RocksDB 跟踪、回放、分析和工作负载生成



trace_replay API允许用户将查询信息跟踪到跟踪文件中。在当前实现中,Get、WriteBatch (Put、Delete、Merge、SingleDelete和DeleteRange)、Iterator (Seek和SeekForPrev)是trace_replay API跟踪的查询。 键、查询时间戳、值(如果应用)、cf_id形成一条跟踪记录。由于使用一个锁来保护跟踪实例,并且跟踪文件将有额外的IOs,因此DB的性能将受到影响。 根据目前在MyRocks和ZippyDB影子服务器上的测试,在这些影子中,性能并不是一个问题。来自相同DB实例的跟踪记录被写入二进制跟踪文件。 用户可以指定跟踪文件的路径(例如,存储在不同的存储设备中,以减少IO的影响)。

目前,可以使用db_bench重新播放跟踪文件。跟踪文件中的查询记录根据时间戳重新播放到目标DB实例。 它可以重放几乎与所收集的工作负载相同的工作负载,这将提供更类似于生产的测试用例。


  1. Env* env = rocksdb::Env::Default();
  2. EnvOptions env_options;
  3. std::string trace_path = "/tmp/trace_test_example"
  4. std::unique_ptr<TraceWriter> trace_writer;
  5. DB* db = nullptr;
  6. std::string db_name = "/tmp/rocksdb"
  7. /*Create the trace file writer*/
  8. NewFileTraceWriter(env, env_options, trace_path, &trace_writer);
  9. DB::Open(options, dbname, &db);
  10. /*Start tracing*/
  11. db->StartTrace(trace_opt, std::move(trace_writer));
  12. /* your call of RocksDB APIs */
  13. /*End tracing*/
  14. db->EndTrace()


  1. ./db_bench --benchmarks=replay --trace_file=/tmp/trace_test_example --num_column_families=5


在用户使用trace_replay API完成跟踪步骤之后,用户将获得一个二进制跟踪文件。

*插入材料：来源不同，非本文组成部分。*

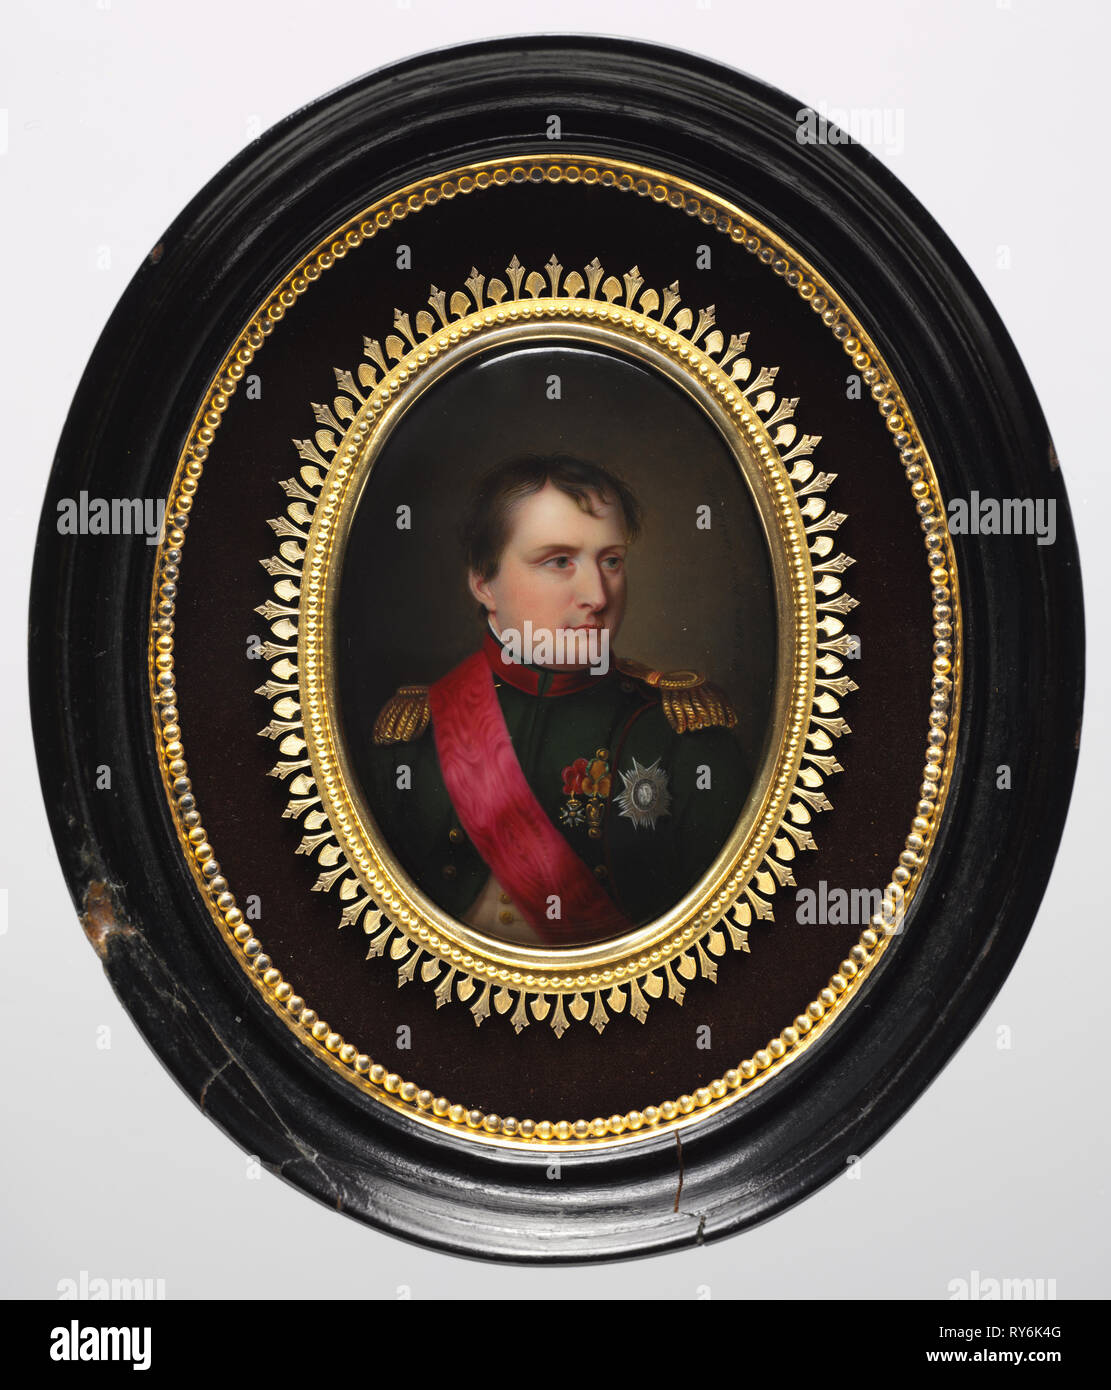 Portrait of Napoleon I, Emperor of the French, 1841. William Essex (British, 1784-1869). Enamel on copper, gilt metal and plush mount in a turned wood frame; framed: 13.5 x 11.5 cm (5 5/16 x 4 1/2 in.); unframed: 6.6 x 5 cm (2 5/8 x 1 15/16 in Stock Photo

在跟踪文件中,Get、Seek和SeekForPrev使用单独的跟踪记录进行跟踪, 而Put、Merge、Delete、SingleDelete和DeleteRange的查询被打包到writebatch中。 需要一种工具: 1)将跟踪解释为人类可读的格式以便进一步分析; 2)提供丰富而强大的内存处理选项来分析跟踪并输出相应的结果; 3)易于向工具中添加新的分析选项和查询类型。


注意,大多数生成的分析结果输出文件将被分隔在不同的列族和不同的查询类型中,这意味着一个列族中的一个查询类型将有自己的输出文件。 通常,一个指定的输出选项将生成一个输出文件。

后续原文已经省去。